Recorded data ▸
- Opening Delimiter -

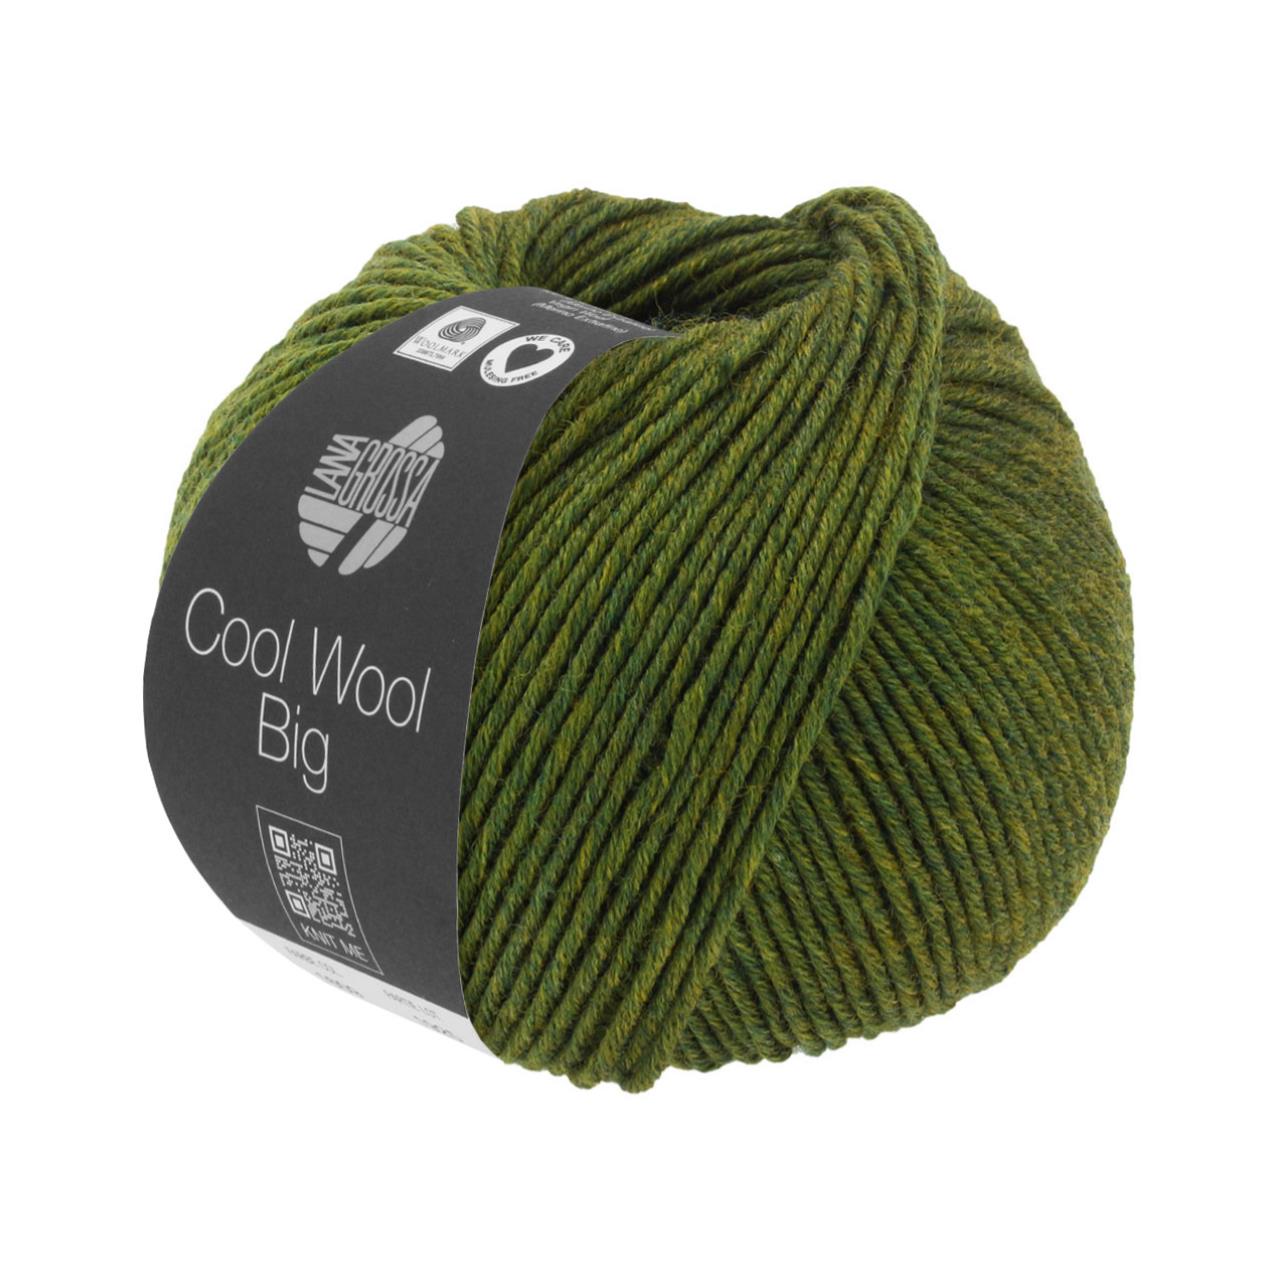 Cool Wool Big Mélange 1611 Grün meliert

- Closing Delimiter -
- Opening Delimiter -

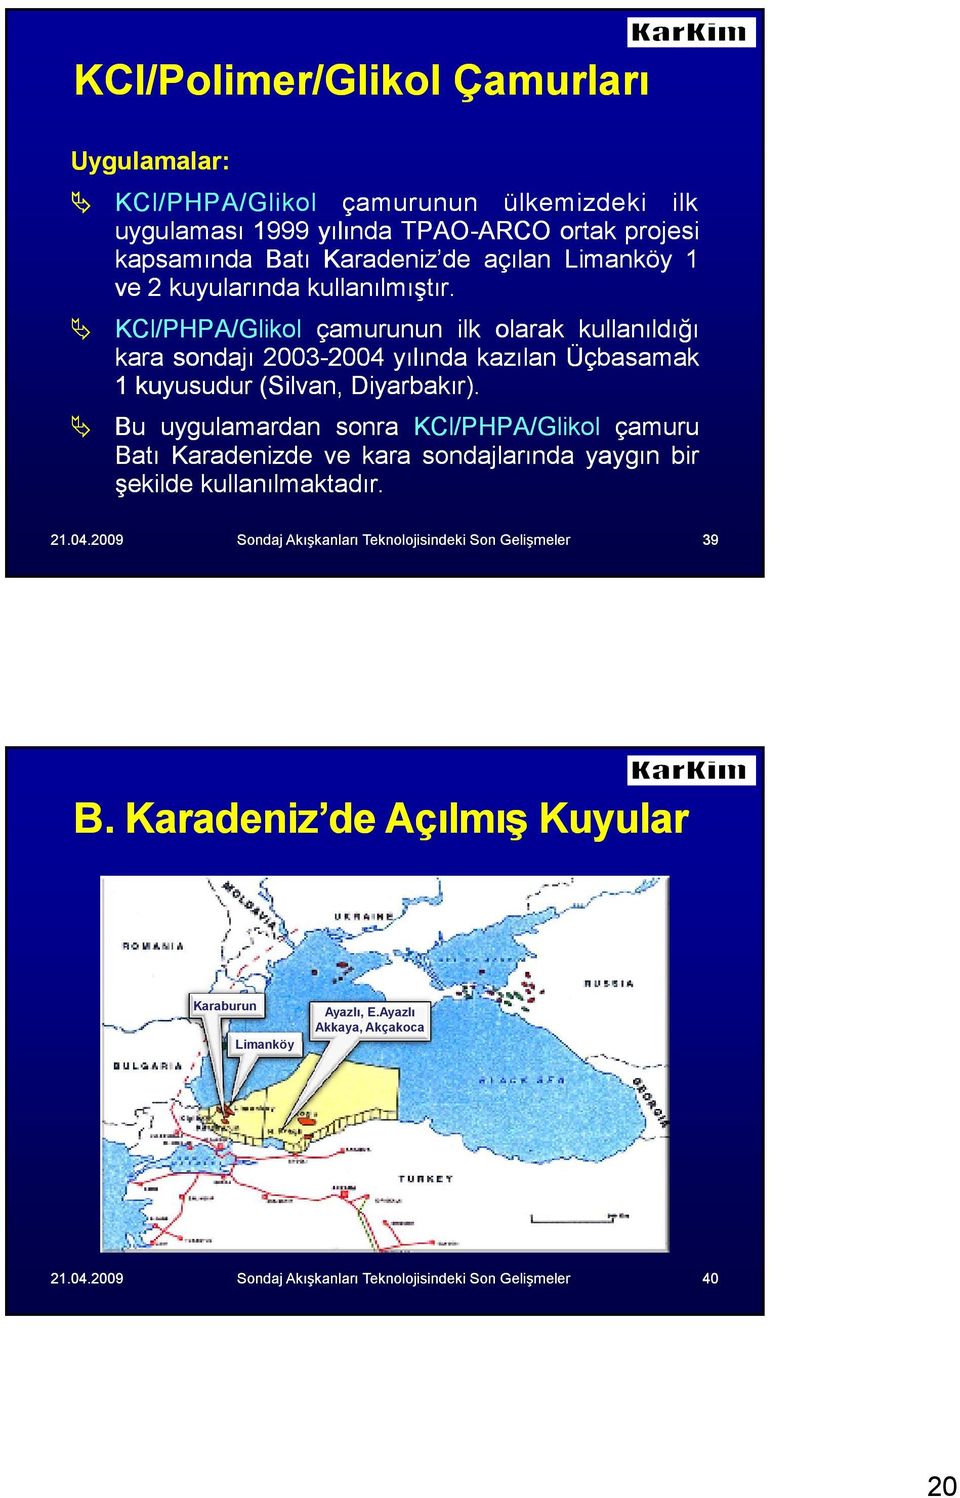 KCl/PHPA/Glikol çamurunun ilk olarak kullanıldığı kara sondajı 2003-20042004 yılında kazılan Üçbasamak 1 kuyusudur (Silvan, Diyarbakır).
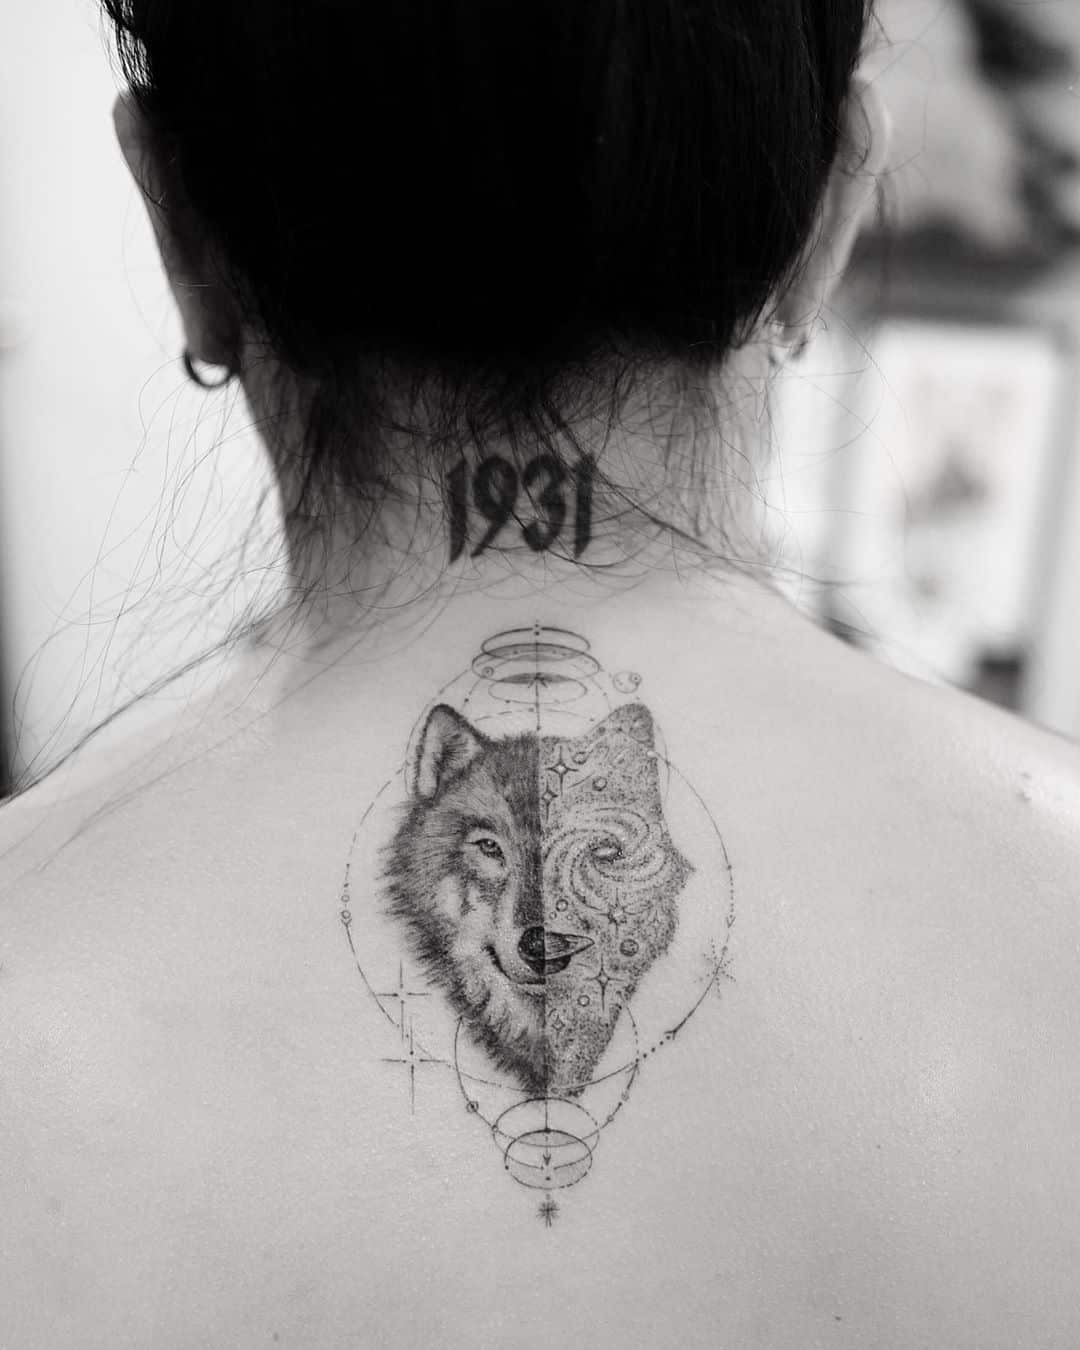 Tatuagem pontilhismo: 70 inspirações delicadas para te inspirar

- Closing Delimiter -

Activity ▸
Because only one stretch of the records is wanted, please output the lines from the one holding "KCl/PHPA/Glikol çamurunun ilk" through the one holding "Tatuagem pontilhismo: 70" exactly, both included, and leave every picture out.

Completed exercise ▸
 KCl/PHPA/Glikol çamurunun ilk olarak kullanıldığı kara sondajı 2003-20042004 yılında kazılan Üçbasamak 1 kuyusudur (Silvan, Diyarbakır).
 Tatuagem pontilhismo: 70 inspirações delicadas para te inspirar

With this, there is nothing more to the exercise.